INSTRUCTIONS FOR THE TASK – Below are the records; extract from them the line containing "Winter Casual Elastic" to the line containing "Jimmy Wasko and", both lines included, exactly and with no pictures.

RECORDS FOR PROCESSING –
-*-

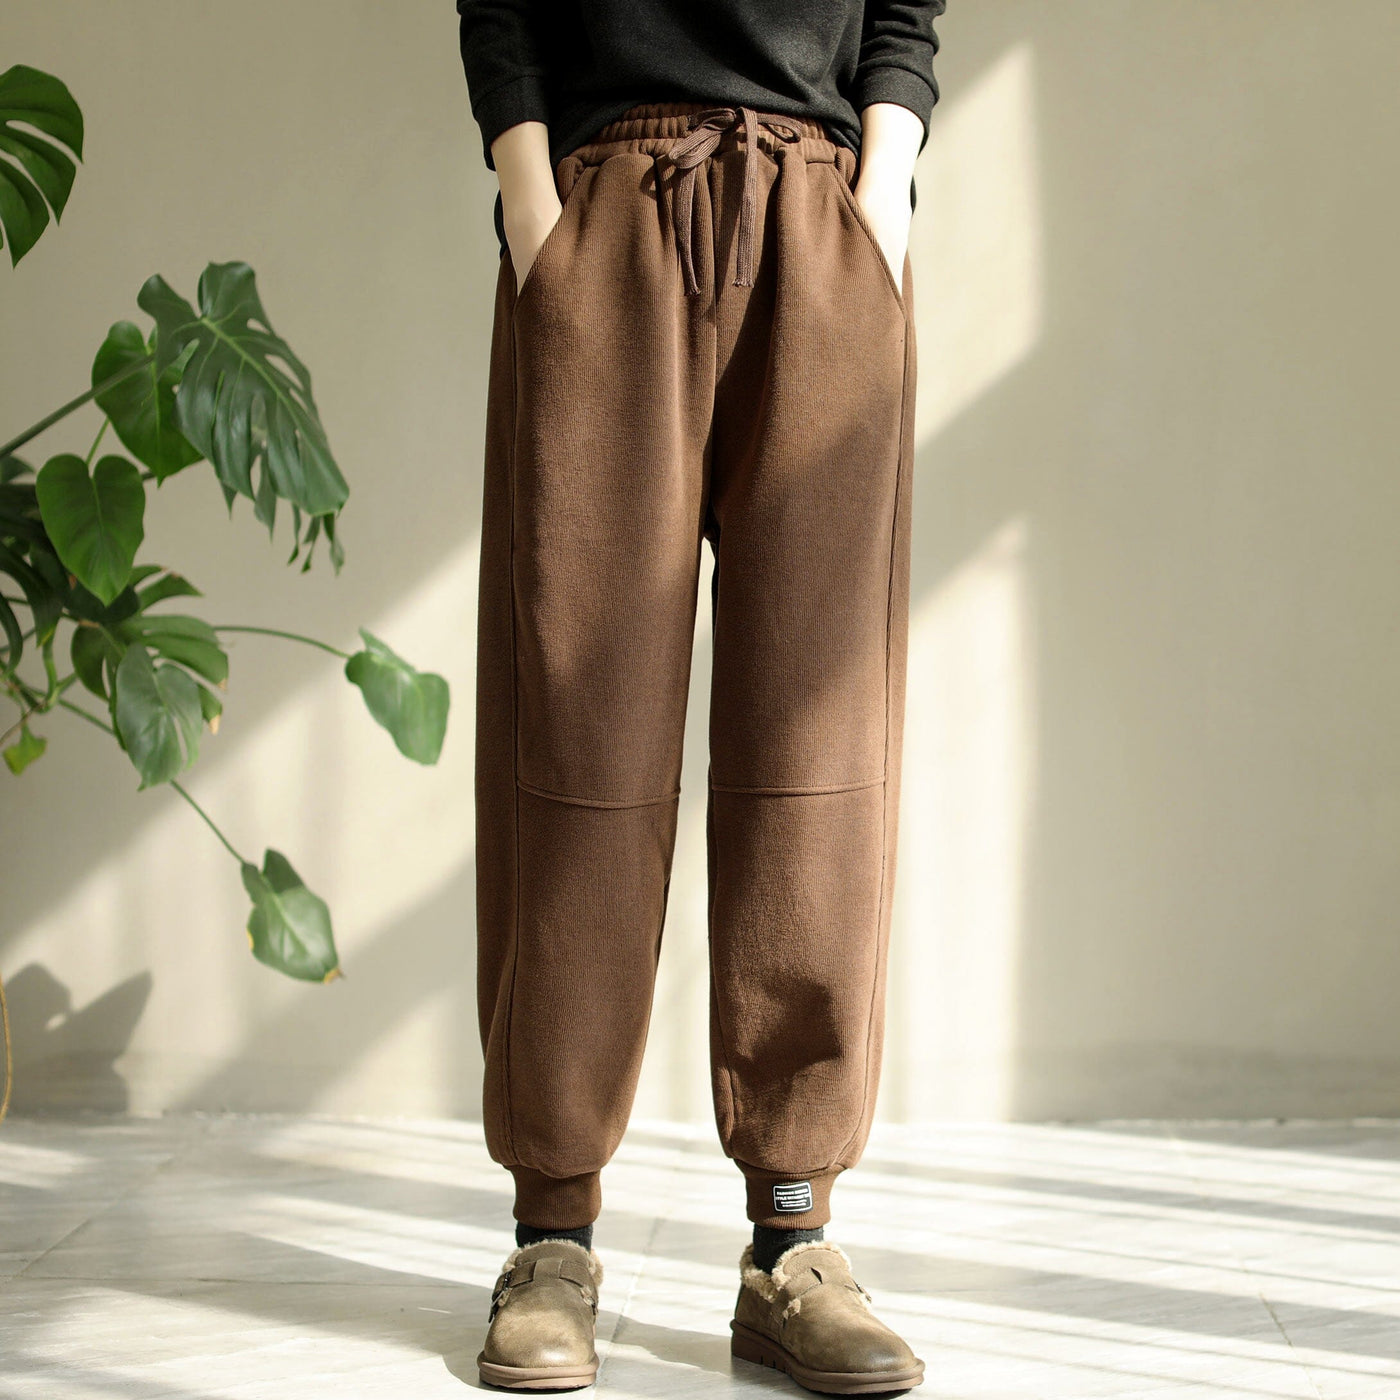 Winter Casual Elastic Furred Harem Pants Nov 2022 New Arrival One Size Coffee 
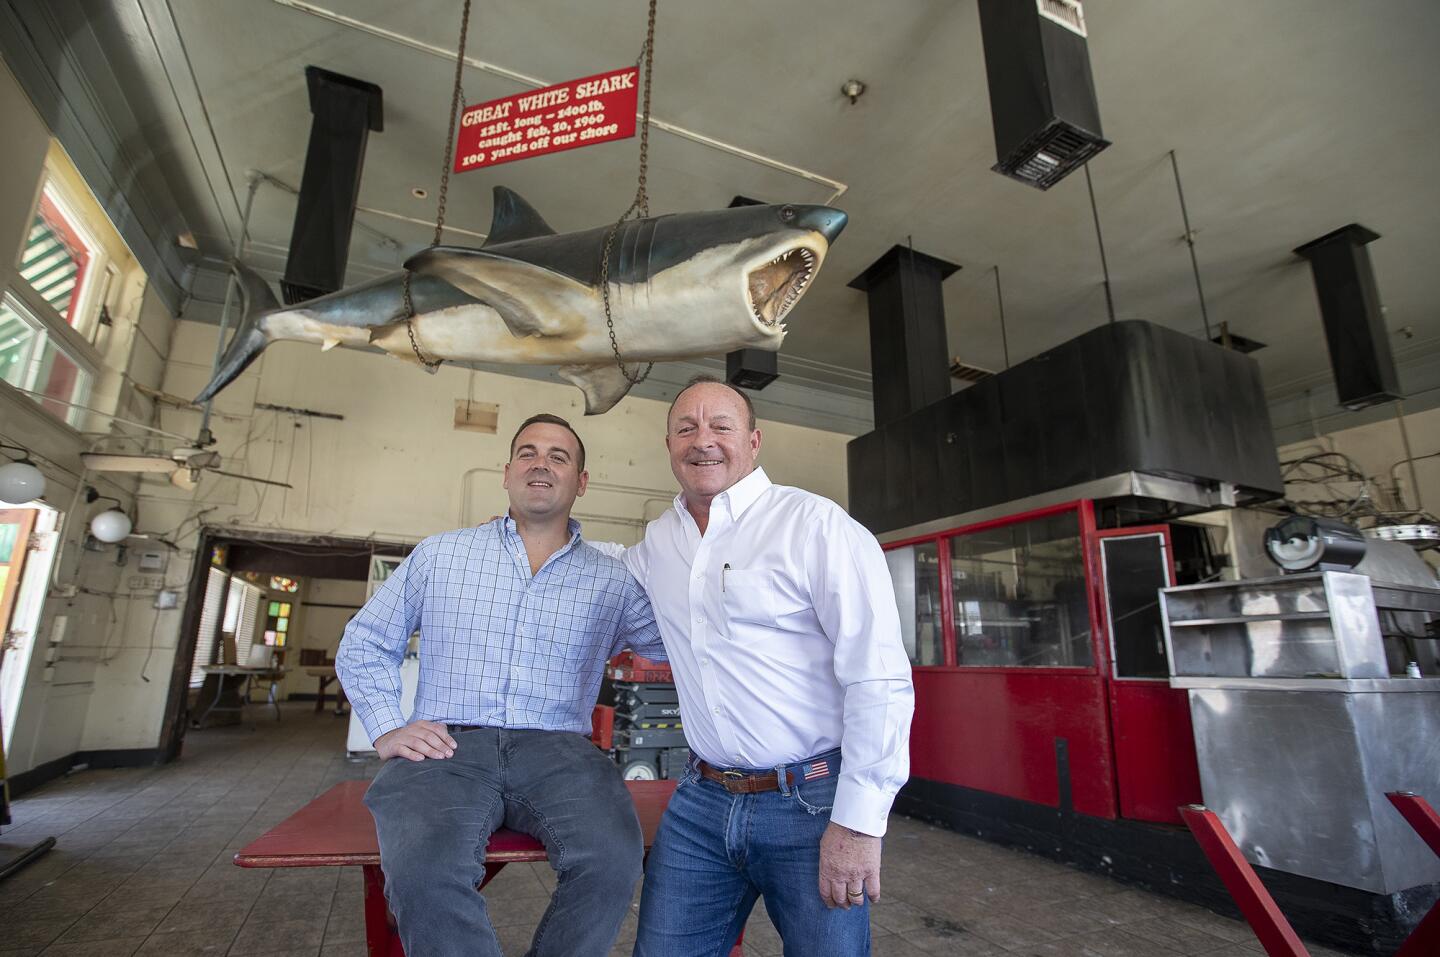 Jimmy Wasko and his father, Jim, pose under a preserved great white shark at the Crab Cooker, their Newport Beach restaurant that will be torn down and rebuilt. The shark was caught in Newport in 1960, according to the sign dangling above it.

-*-

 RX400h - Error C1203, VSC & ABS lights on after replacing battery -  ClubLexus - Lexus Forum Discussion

-*-

EXERCISE RESPONSE –
 Winter Casual Elastic Furred Harem Pants Nov 2022 New Arrival One Size Coffee 
 Jimmy Wasko and his father, Jim, pose under a preserved great white shark at the Crab Cooker, their Newport Beach restaurant that will be torn down and rebuilt. The shark was caught in Newport in 1960, according to the sign dangling above it.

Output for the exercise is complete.